▶ Task material:
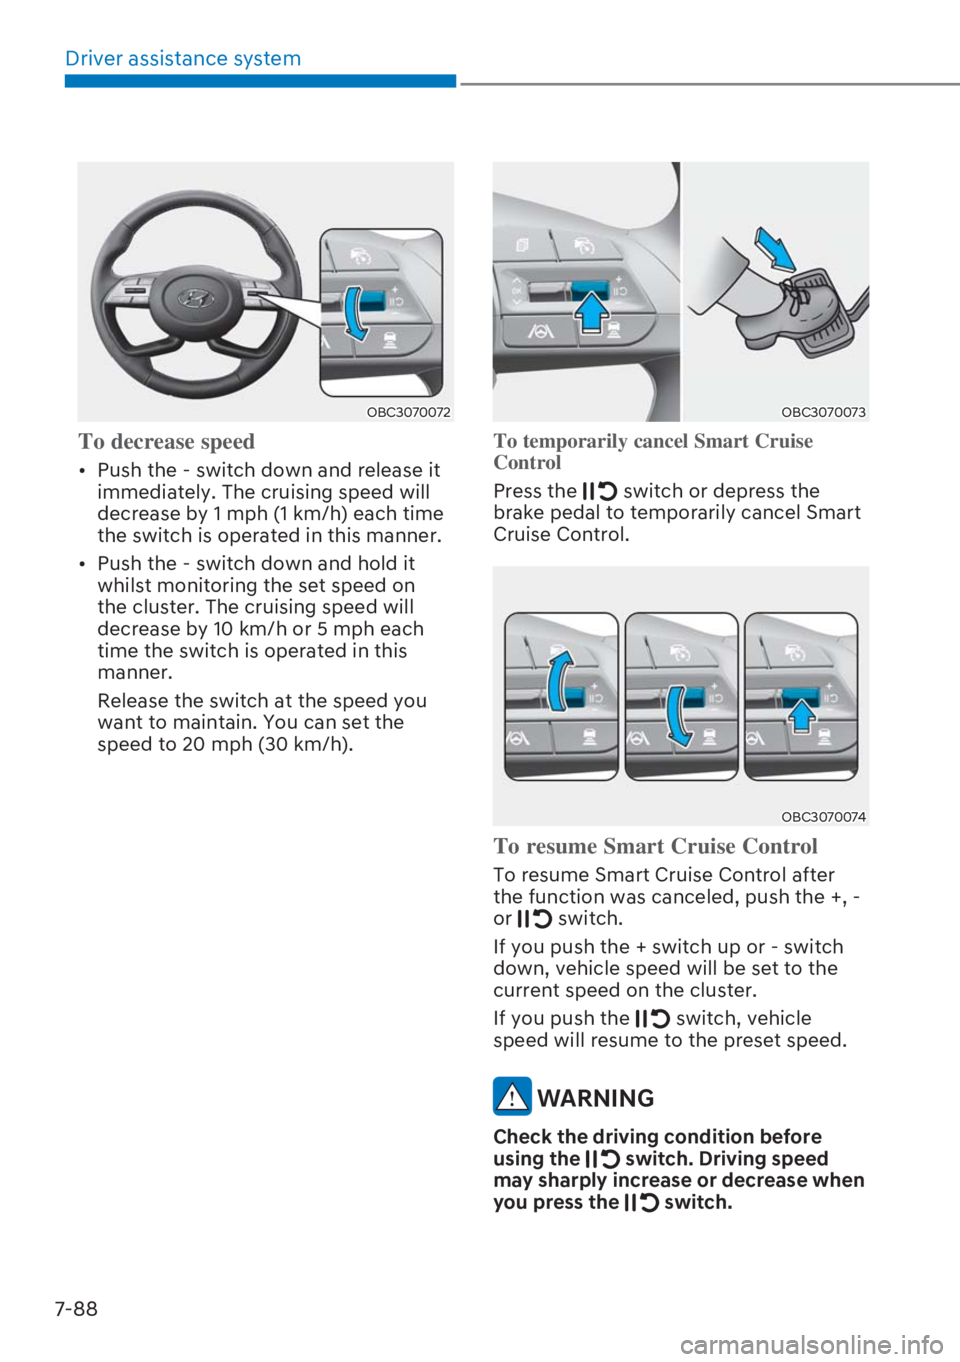 HYUNDAI I20 2023  Owners Manual Driver assistance system
7-88
OBC3070072
To decrease speed
[�Push the - switch down and release it 
immediately. The cruising speed will 
decrease by 1 mph (1 km/h) each time 
the switch is operated

▶ What to work on: Copy out all lines of the material containing the word "speed".

▶ Completed task:
To decrease speed
immediately. The cruising speed will 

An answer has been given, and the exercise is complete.